Auf diese Art wird Rüdigers Serail von Verschnittenen und Unverschnittenen nie leer, das arme Mädchen wird aus einem Strudel in den andern geworfen, ist oft in diesem Wirrwarr des glänzenden Elendes kaum ihrer Sinne mehr mächtig, erwacht vielleicht nach Jahren erst aus ihrer unglücklichen Betäubung und verflucht ihren Verführer dann, wann es schon zu spät ist und Rüdiger sie als eine nicht mehr Dienstfähige ausmustert und zerlumpt, von allem entblößt, aus seinem Hause jagt.

Gleich sonderbar und neu ist die Methode, die Rüdiger sich zu eigen gemacht hat, um aller Welt ein neu angekommenes Schlachtopfer zu verkündigen.

Rüdiger pflegt dann gewöhnlich in den Zeitungen ein vollständiges und regulär gebautes Billard mit Bällen, Queues und allem dem anhängigen zu avertieren, ankündigen, anzeigen. und dann ist er schon versichert, daß seine stoßgeübten Spieler von selbst kommen.

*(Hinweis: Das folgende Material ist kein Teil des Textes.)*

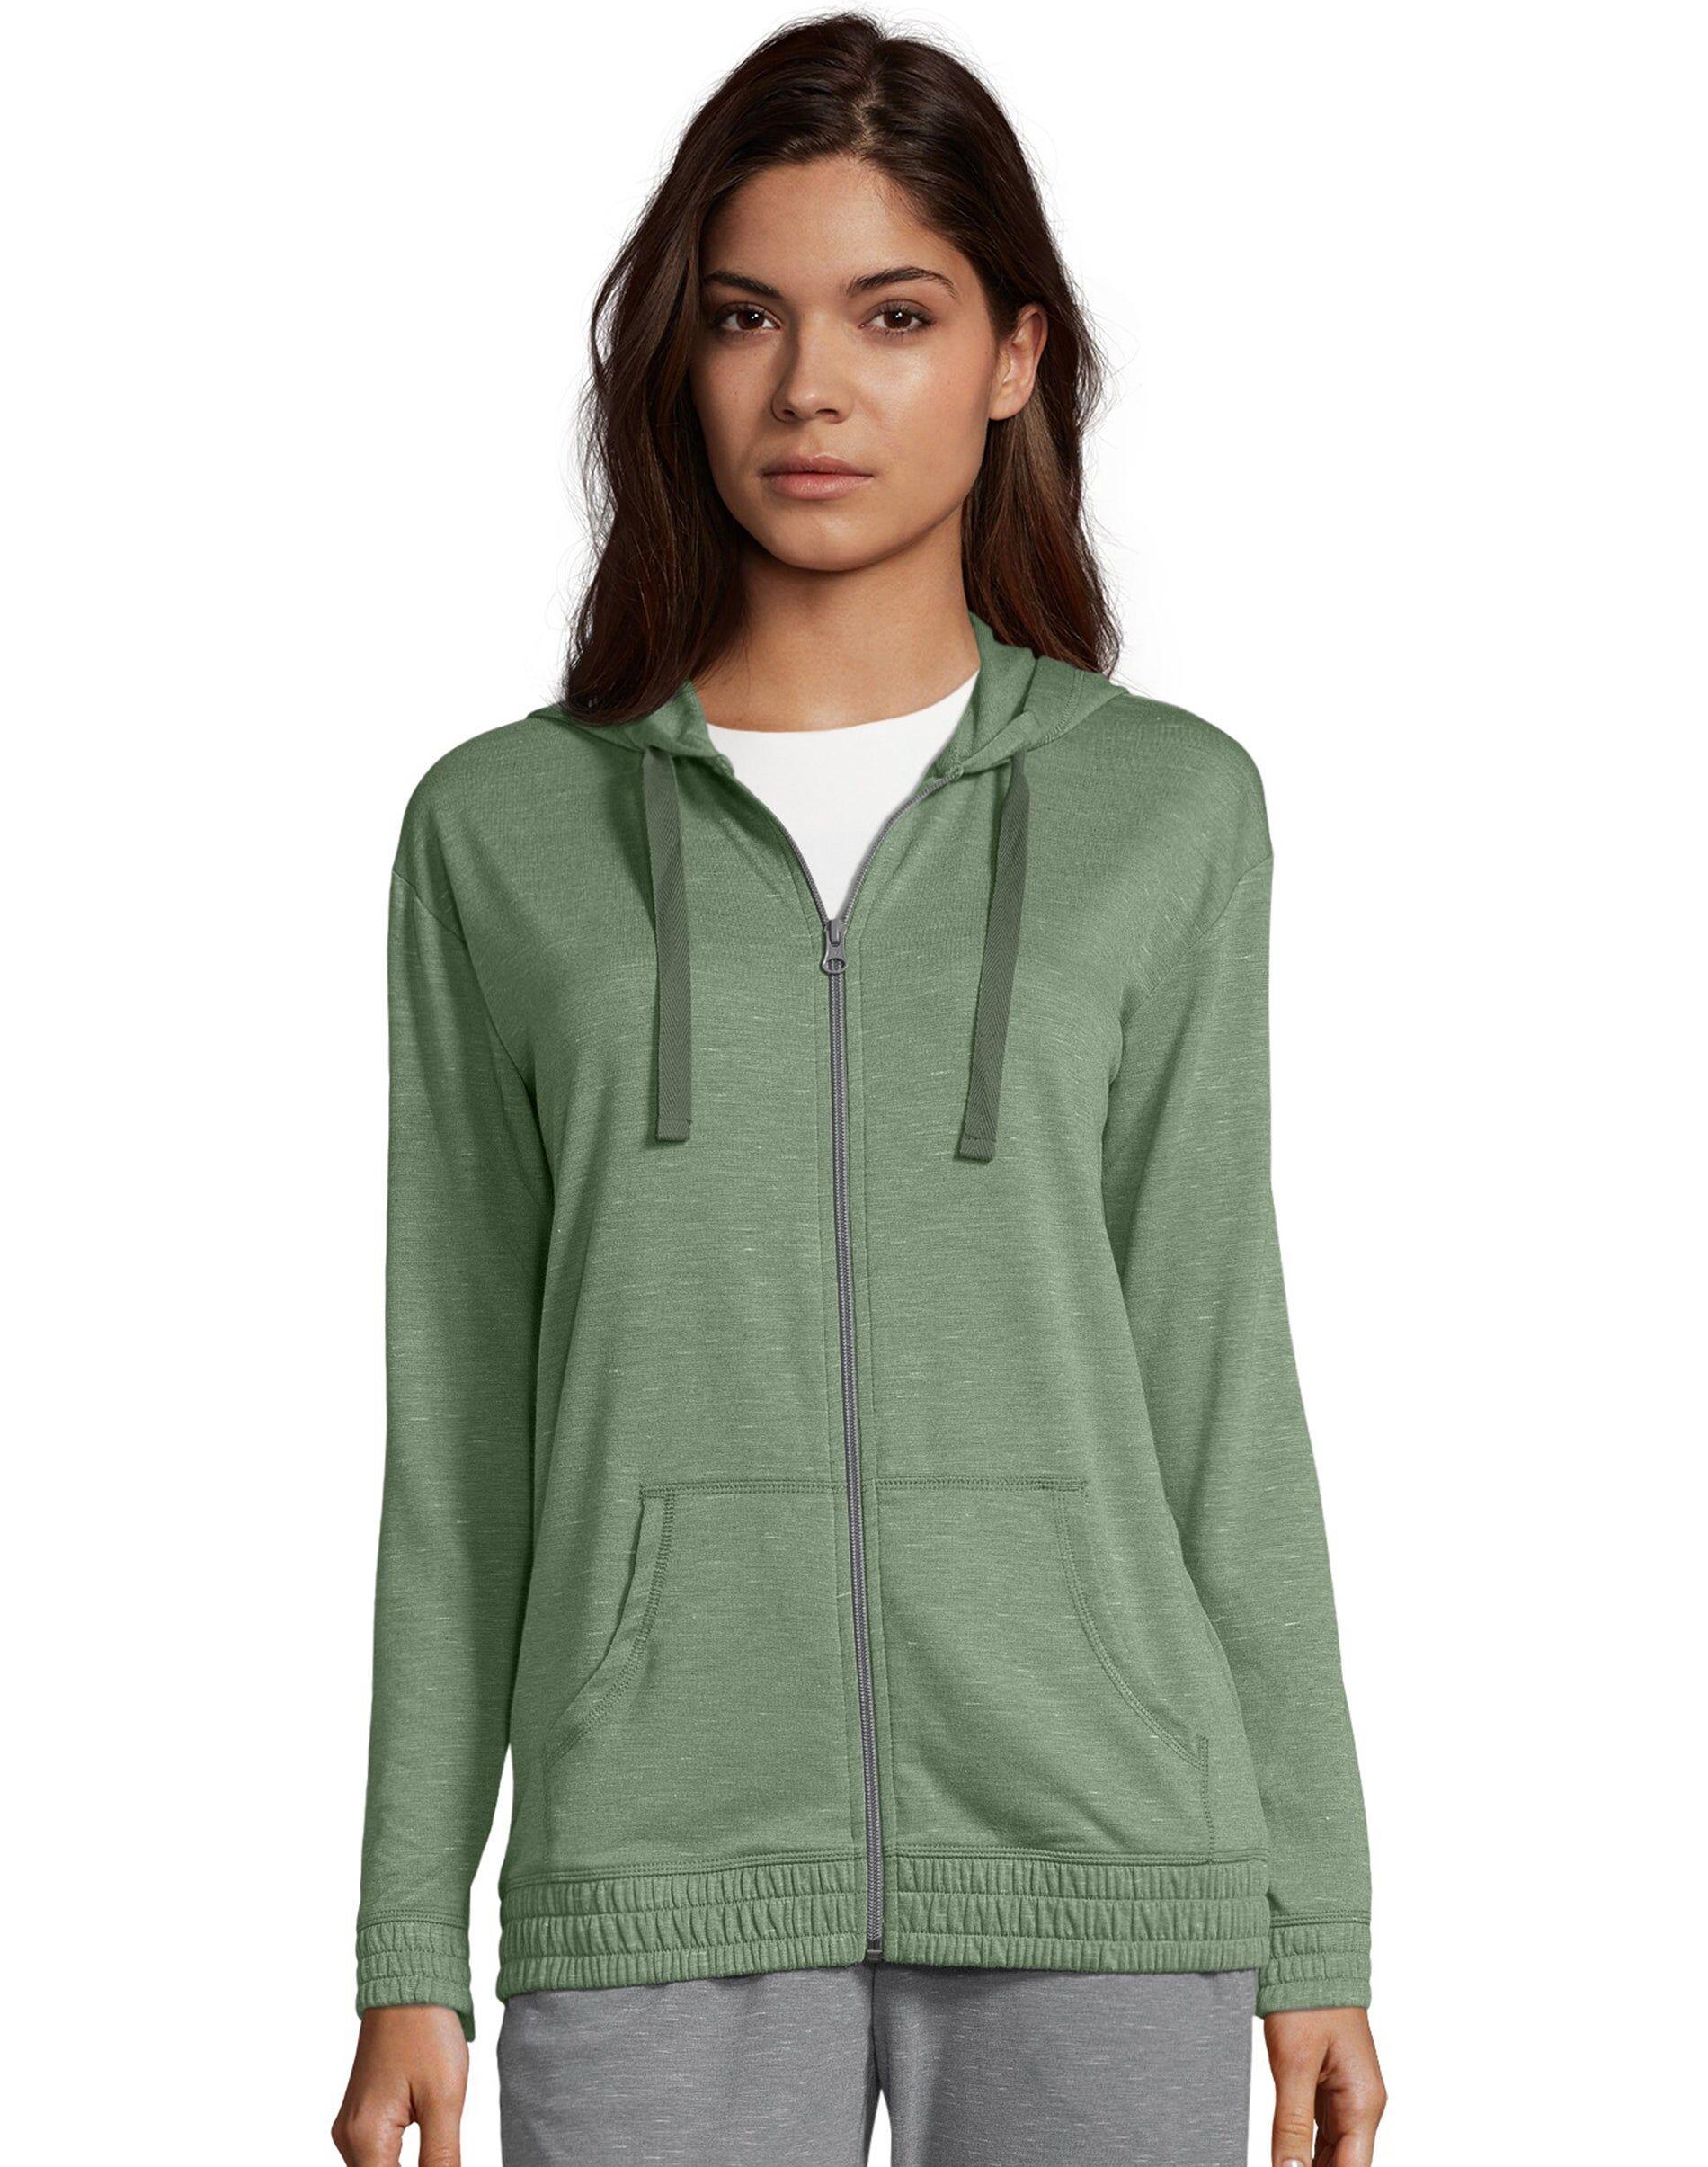 Hanes Women's French Terry Full Zip Hoodie Nature Green Heather S

Ein hiesiger berühmter Rechtslehrer, der D. B., welcher den Sinn dieser Annonce so eigentlich verstand, wie ihn vielleicht jeder verstehen würde, der nicht in das Mystische dieser seltsamen Sprache eingeweiht ist, kam vor einigen Jahren in die Verlegenheit, auf Rüdigers Avertissement bei diesem Ehrenmann ein solch Billard zu suchen, und fand zu seinem Erstaunen zwar ein dergleichen bereitstehendes, allein es war kaum noch das Geld für die Ankündigung wert, und erst in einer Seitentüre sah der Hochverwunderte, daß es noch andere Spielbrette gebe, die kein Tapezierer zu überziehen braucht, wo man kein Queue abzuraspeln nötig hat und wo jeder Ball zum Loche führt.

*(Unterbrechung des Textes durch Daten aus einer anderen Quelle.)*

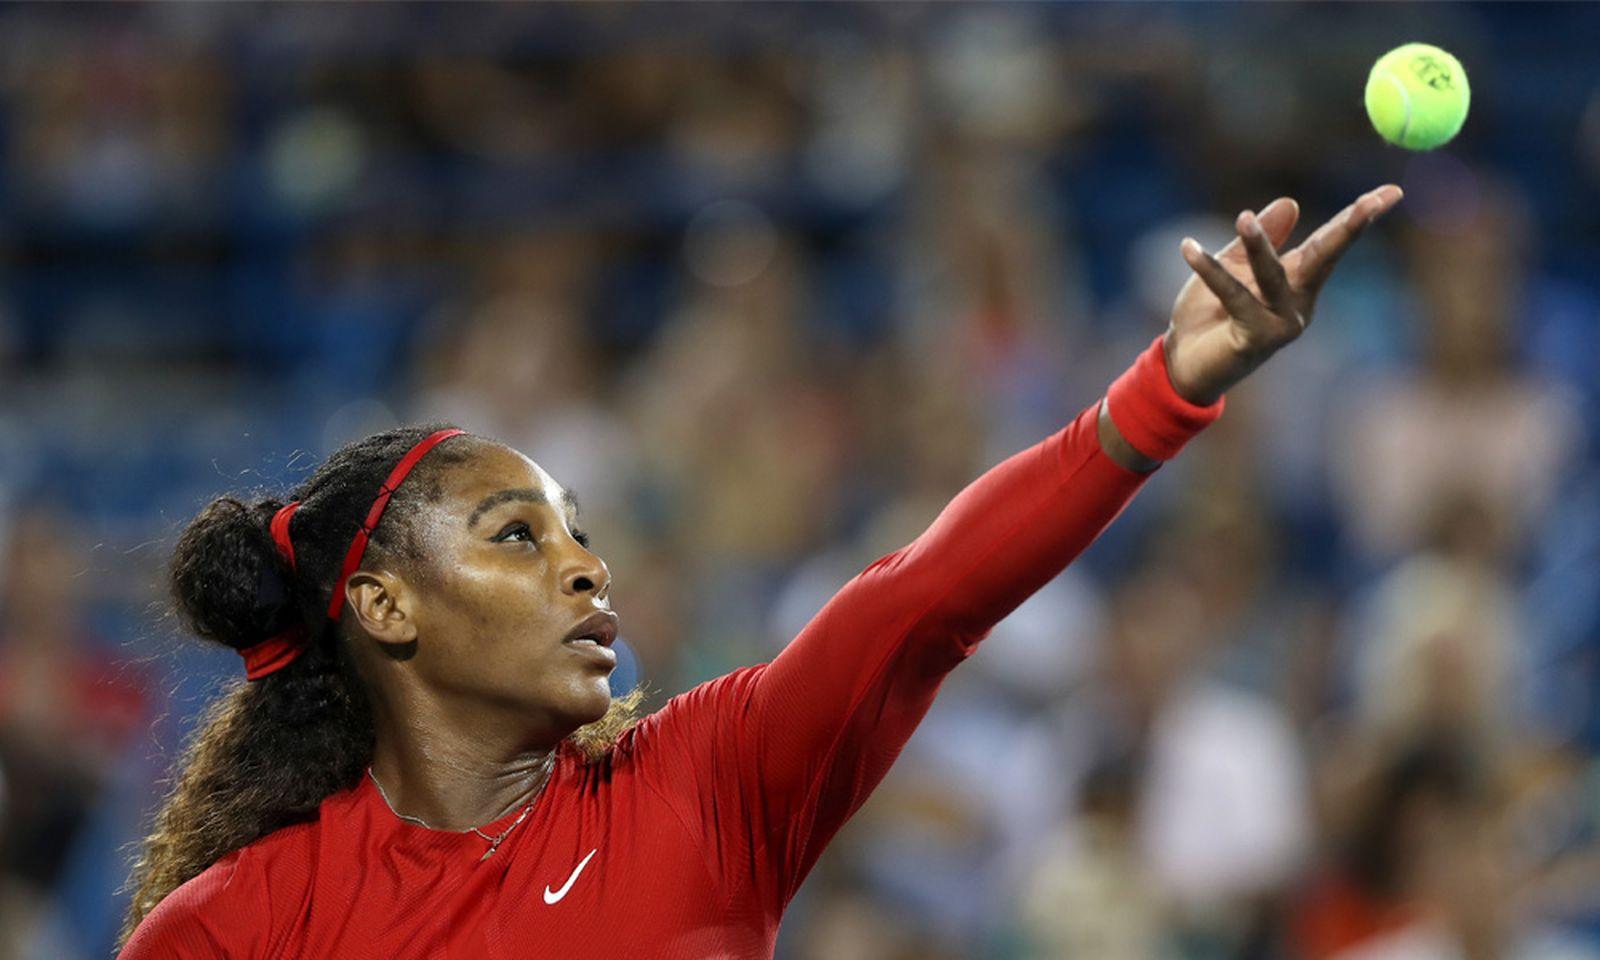 serena williams highest paid female athlete 2018 female athletes forbes

Allein die Juristen sehen sich lieber in ihren Akten um, und Herr Rüdiger bedauerte einige Minuten darauf die undankbare Mühe. die er sich gegeben hatte, den unerweichlichen Rechtslehrer in andere als juristische Archive zu führen.

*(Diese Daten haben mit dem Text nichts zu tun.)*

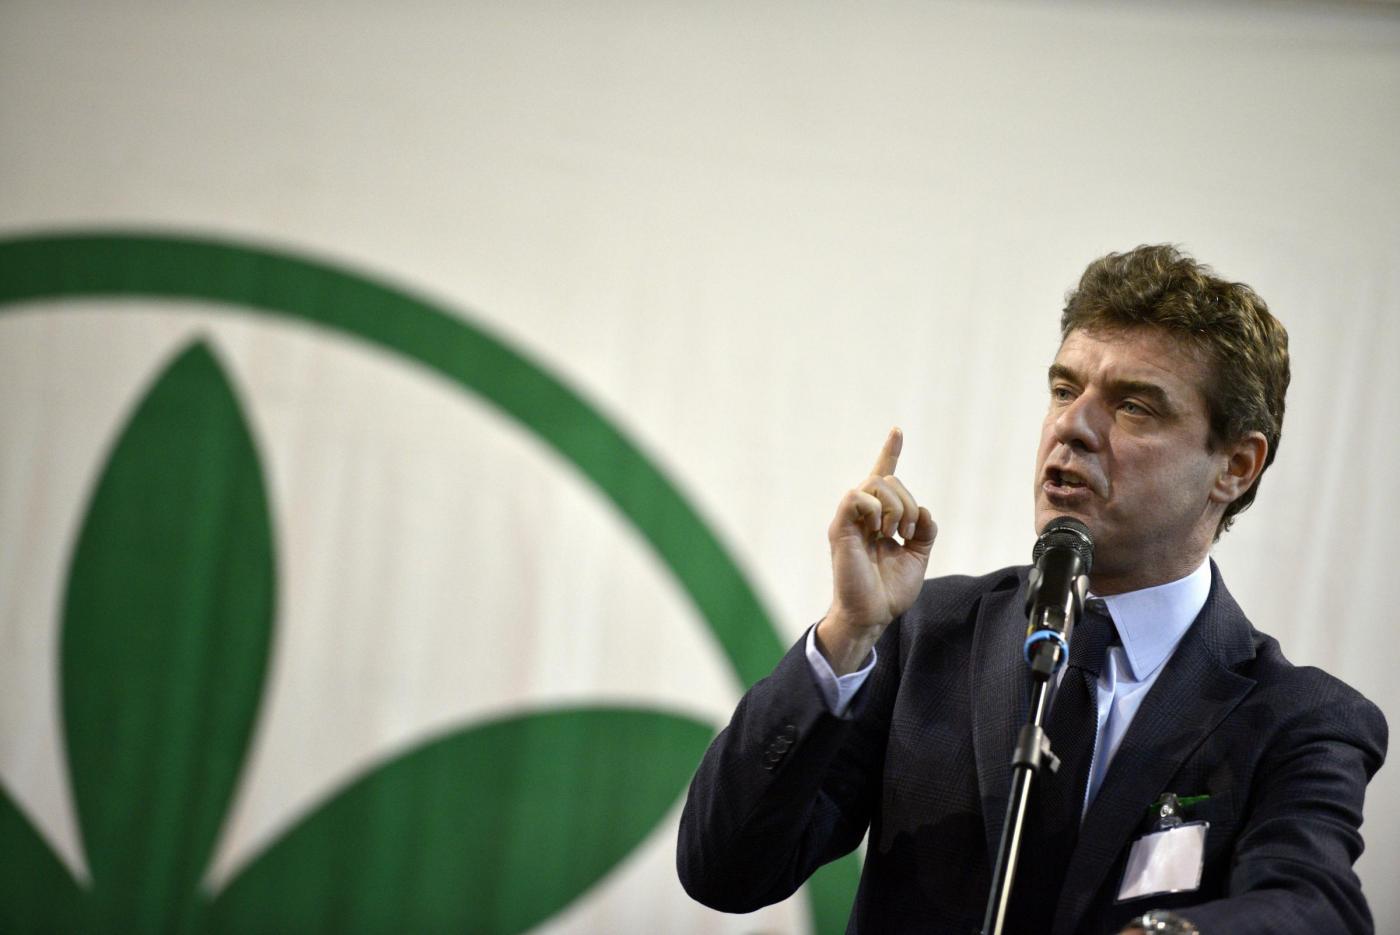 Rimborsopoli Piemonte: Roberto Cota rischia 2 anni per delle mutande verdi

Nie war wohl ein Bösewicht reifer zur verdienten Strafe als Rüdiger zum lebenslänglichen Zuchthause. Ich will die gütige Justiz der Antwort überheben, wenn ich sie fragte, warum es bis jetzt noch nicht geschah, daß man dies Ungeheuer dahin brachte; sie möchte erröten und stocken, und Rüdiger bliebe doch, wo er ist, und es würde ihm deshalb kein Haar gekrümmt.

Rüdiger bezahlt an den Fiskal Müller terminlich seinen Zins, gibt der Signoria von seinem Billard richtig die Abgaben und – kann dafür doch auch wohl Sicherheit verlangen?

Noch gibt es überdem einige andere Freudenhäuser obiger Art, die jedoch von den vorigen durch nichts Wesentlicheres unterschieden sind und mich deshalb auch von dem unangenehmen Geschäft überheben, weitere Reflexionen über diesen schlüpfrigen Gegenstand zu machen. Die Verhandlungen sind in dem einen wie in dem andern gleich ebenmäßig und immer dieselben, höchstens etwa mit dem kleinen Unterschiede, daß man aus dem einen mit halber, aus dem andern mit ganzer Schule davonkommt; daß man in dem einen mehr, in dem andern weniger geprellt wird; daß man in dem einen sicherer sein kann vor der einbrechenden Justiz und in dem andern unter Furcht und stetem Zagen kaum wagen darf, die Hosen beiseite zu legen.

Ein einziges, besonders verrufenes Haus wäre mir zwar noch übrig, nach seiner Eigentümlichkeit dir zu beschreiben, allein es ist zu verworfen und viel zu tief unter alle Kritik erniedrigt, als daß ich mich nicht schämen müßte, meine Feder damit zu besudeln.

Doch den Namen seines Wirts will ich der Sonderbarkeit halber dir demohnerachtet nicht verschweigen: man nennt ihn vulgo Käsekoch. Sein Anzug gleicht dem eines Renommisten: mit klirrenden Sporen und einem ungeheuren Hute angetan, die Wangen mit roter Farbe beschmiert, geht dieser Elende umher, seiner angesehenen Familie zur Schande und dem Magistrat zum Trotz. Viel Männer sollen besonders in seinem Haus ihre ehelichen Tangenten messen und zum öfteren singen: Variatio delectat. Abwechslung ergötzt.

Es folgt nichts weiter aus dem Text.